Research topics

Robot learning

Robot learning is a multidisciplinary field that intersects robotics, machine learning, and artificial intelligence, and is key to the learning of complex behaviors on high degree of freedom systems like humanoid robots. Based on our extensive work on imitation learning, statistical generalization of sensorimotor experience and trajectory libraries, and reinforcement learning, we continue our work in this domain. Our efforts combine all major fields of robotic learning, such as imitation learning, reinforcement learning, supervised, unsupervised and self-supervised learning, deep learning, transfer learning including sim2real, etc.
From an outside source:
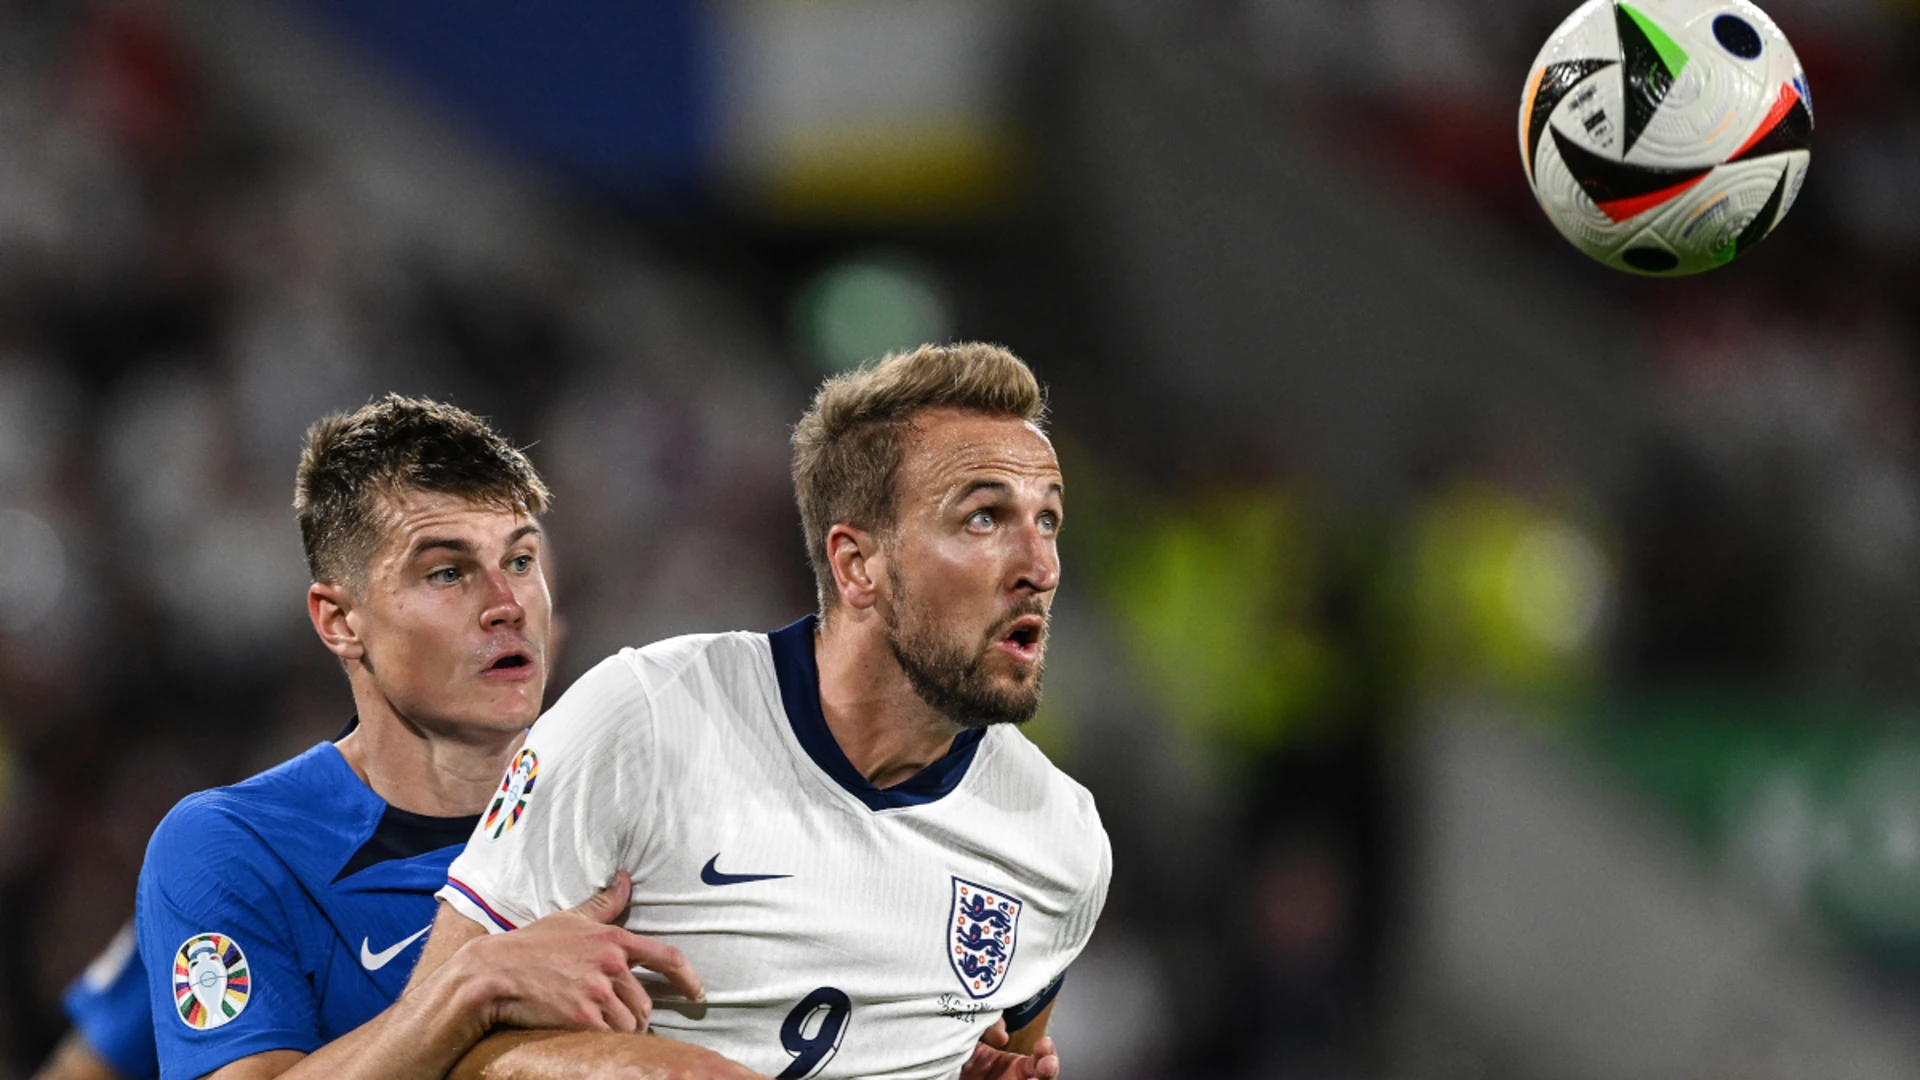 England achieved aim by winning Euro group says Kane after Slovenia draw

Robot perception and actions

In the area of robot perception we study approaches that combine active vision and manipulation with the processing of visual information and other sensing modalities including force. By active sensing we can bring in additional information that can be exploited to autonomously learn new sensory representations and object affordances, which would be very difficult or even impossible with static perceptual systems. Lately, we combine this with large language models and vision language (foundation) models for robotics, as the latest AI approaches in the field. We are also interested in the development of human-like visual systems to improve the sensing capabilities of our robots.

Advanced applications

We apply our knowledge to implement advanced solutions beyond the current state of robot applications both in terms of the complexity of actions and approaches to solving difficult problems with robots in everyday and industrial settings. An important line of our work is reconfigrable robotics – we introduce self-reconfigurable hardware and software solutions based on recofigurable robotics cells. The challenge of this is to provide methodologies for re-design of the robot cell including the location of robots and other elements in the workcell and the choice of grippers and sensing systems.

On the software side, approaches for fast re-programming and adaptation of manipulation actions for soft robots and grippers suitable for the given tasks need to be provided. Soft components make grasping and compliant control easier, but they can be problematic in tasks that usually rely on high precision position control.

Handling of soft, deformable materials, goes beyond typical complexity in robotic applications and advances in robotic manipulation of deformable objects have lagged behind work on rigid objects due to the far more complex dynamics and configuration space. We advance the state of the art of perception/inspection and robotic manipulation of textile and fabric, in order to bridge the technological gap and enable automation of such material handling.

Other topics

Besides in these key areas, the members of HCR conduct research in a number of related fields including kinematics, motor control, execution of collaborative behaviors (both human-robot and robot-robot), where there exists physical contact between agents, modeling of biological systems, visual tracking, object recognition and other areas of robotics, cognitive robotics and AI.